### Your goal
For any picture in the lines below, please leave it out and copy the rest exactly.

### Given information

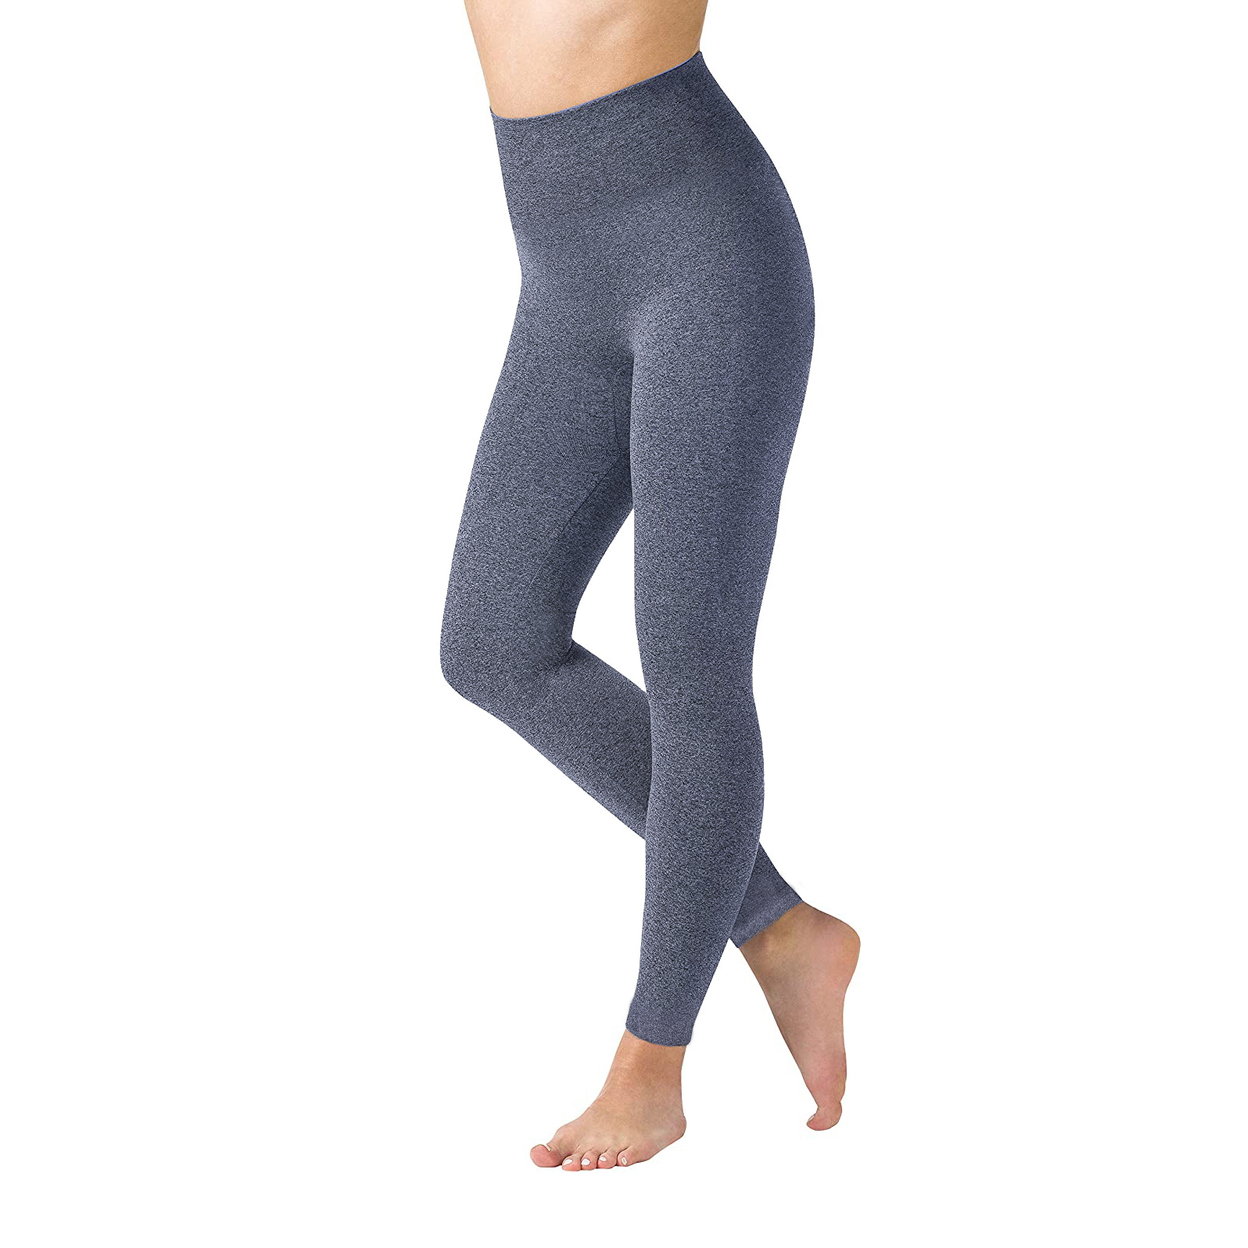 Multi-Pack: Women's High Waisted Ultra-Soft Fleece Lined Warm Marled Leggings(Available In Plus Sizes) - 2-pack, Assorted, X-large
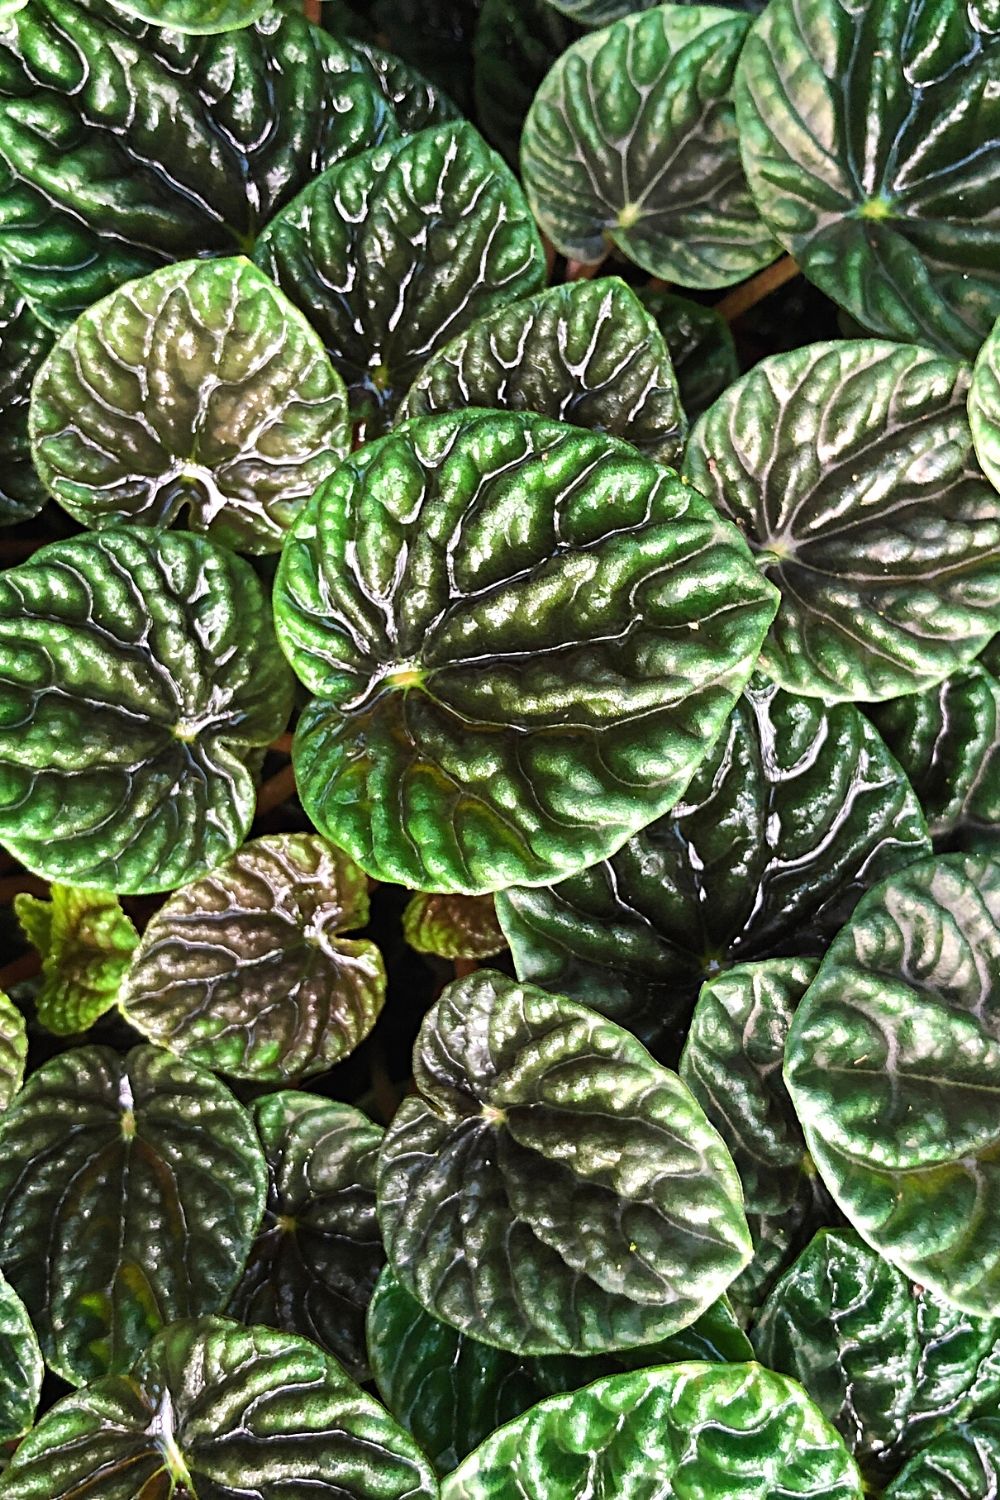 The wrinkled, dark green foliage of the Emerald ripple peperomia will beautify any terrarium you have in your home
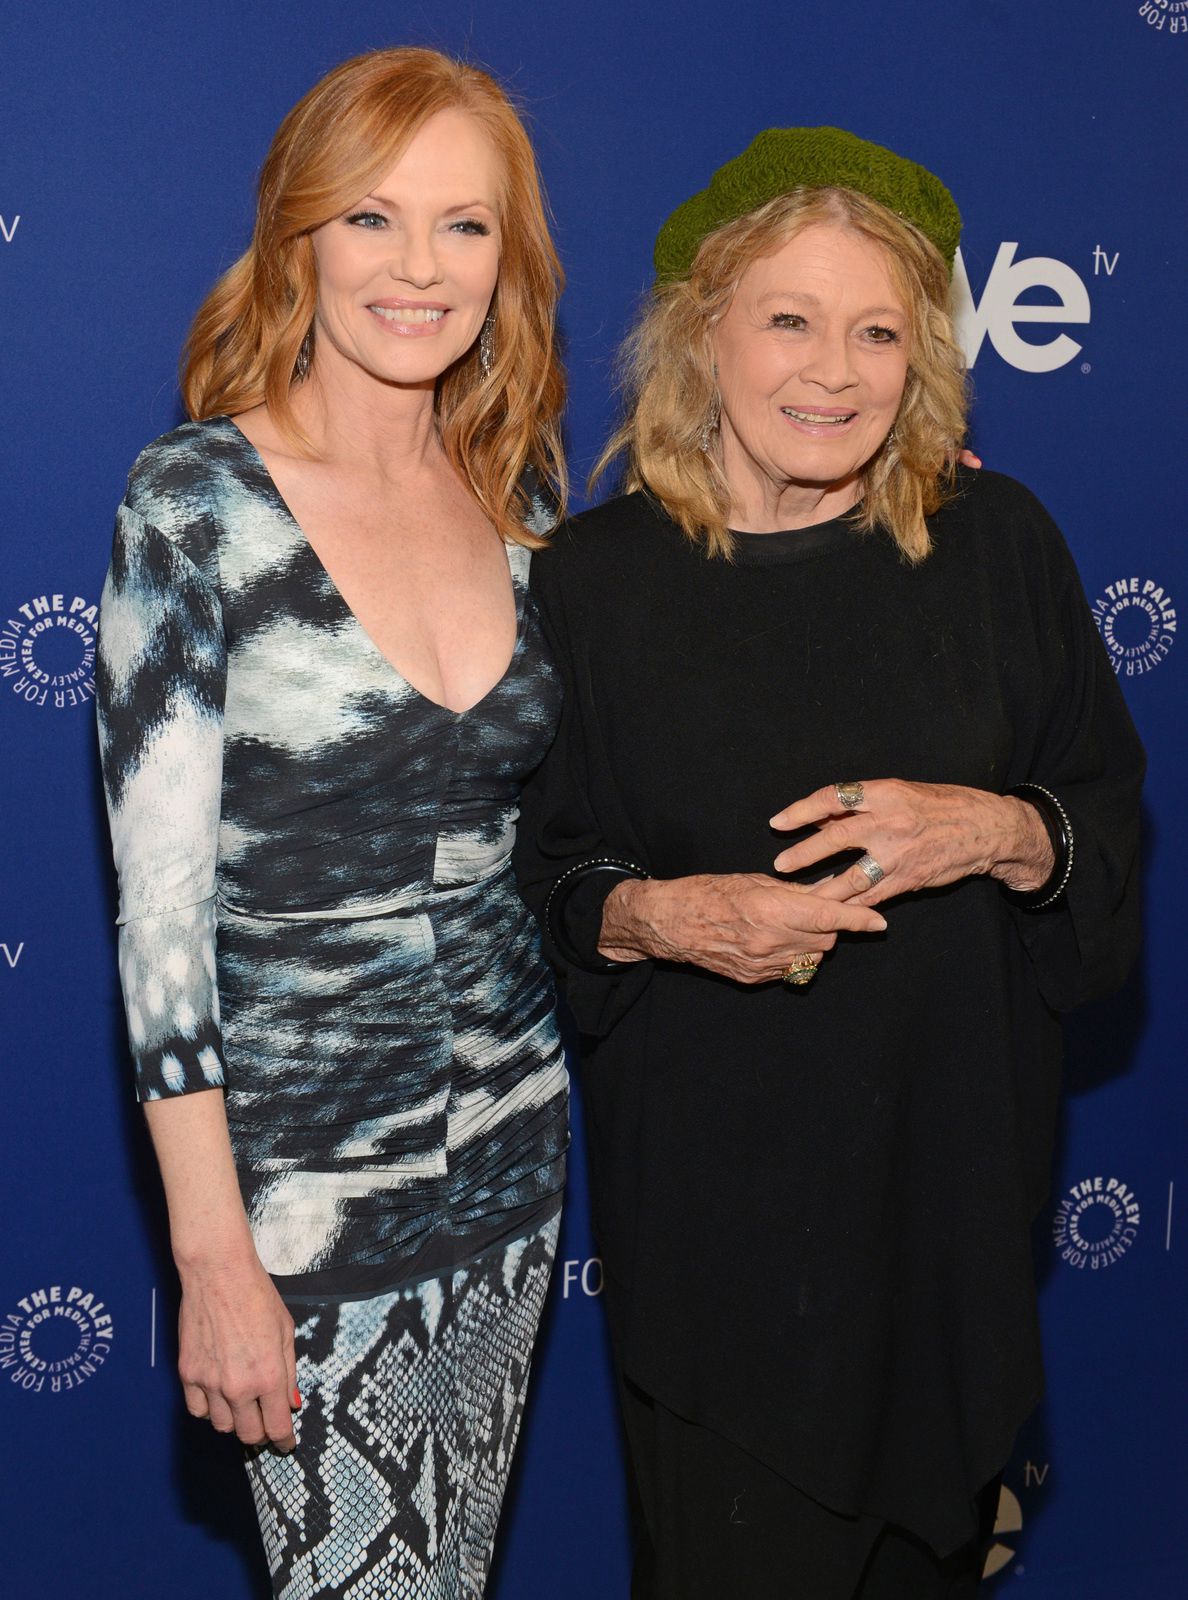 © Kevin Parry for The Paley Center for Media
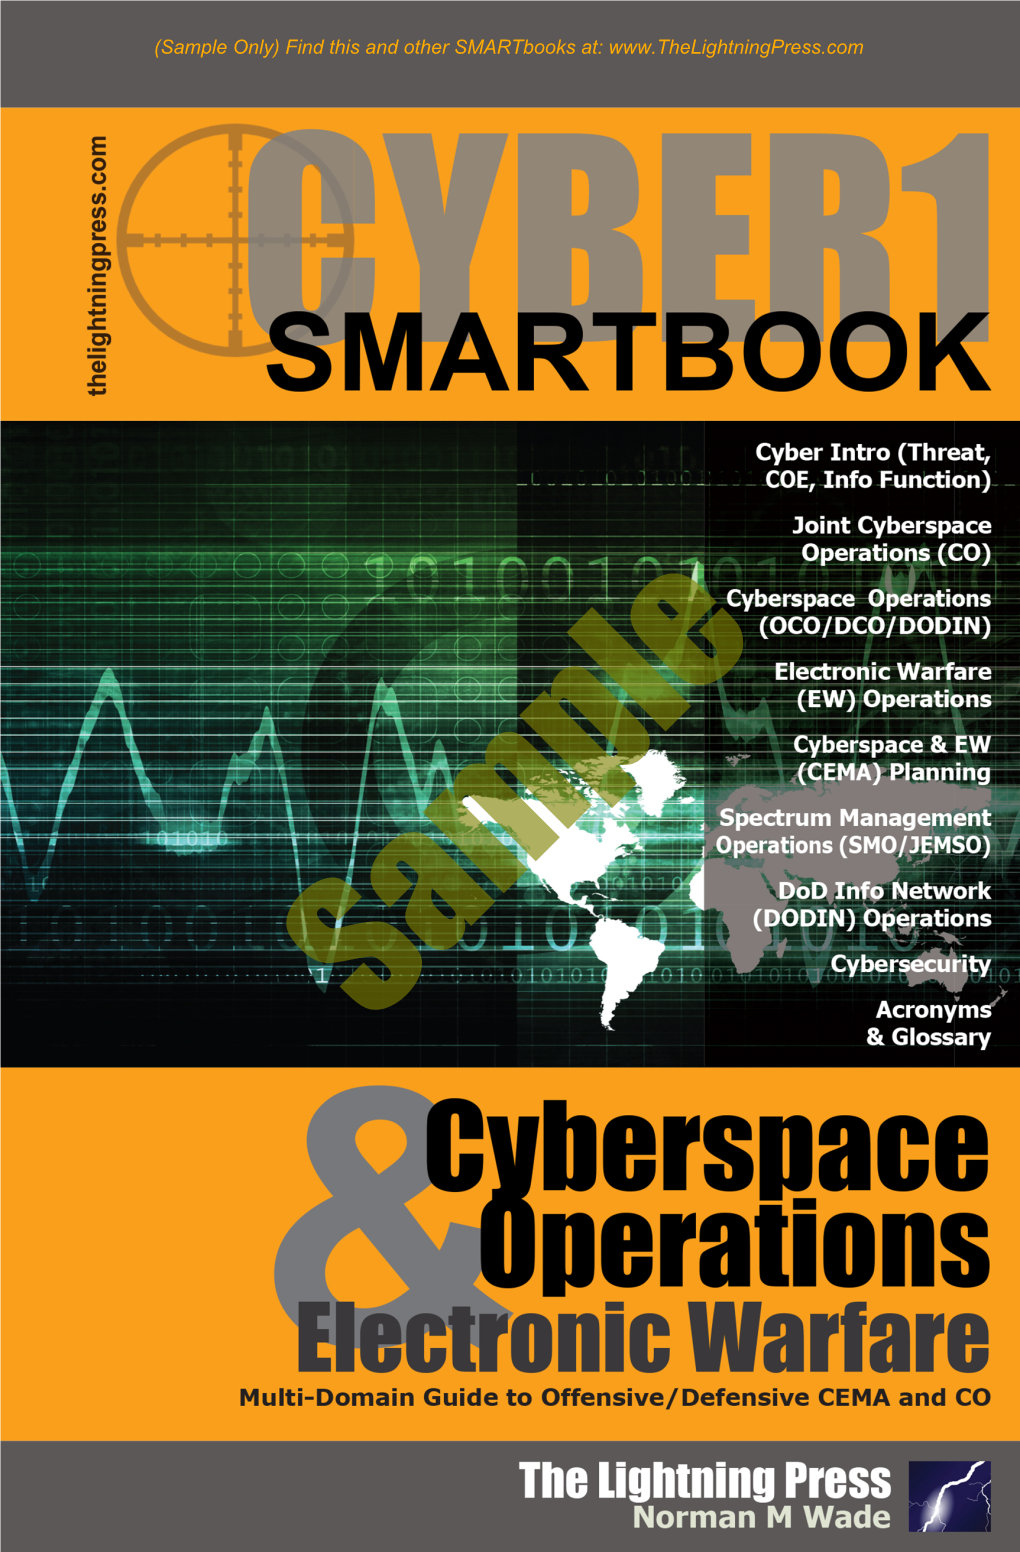 (CYBER1) the Cyberspace Operations & Electronic Warfare

### Result of this exercise
 Multi-Pack: Women's High Waisted Ultra-Soft Fleece Lined Warm Marled Leggings(Available In Plus Sizes) - 2-pack, Assorted, X-large
 The wrinkled, dark green foliage of the Emerald ripple peperomia will beautify any terrarium you have in your home
 © Kevin Parry for The Paley Center for Media
 (CYBER1) the Cyberspace Operations & Electronic Warfare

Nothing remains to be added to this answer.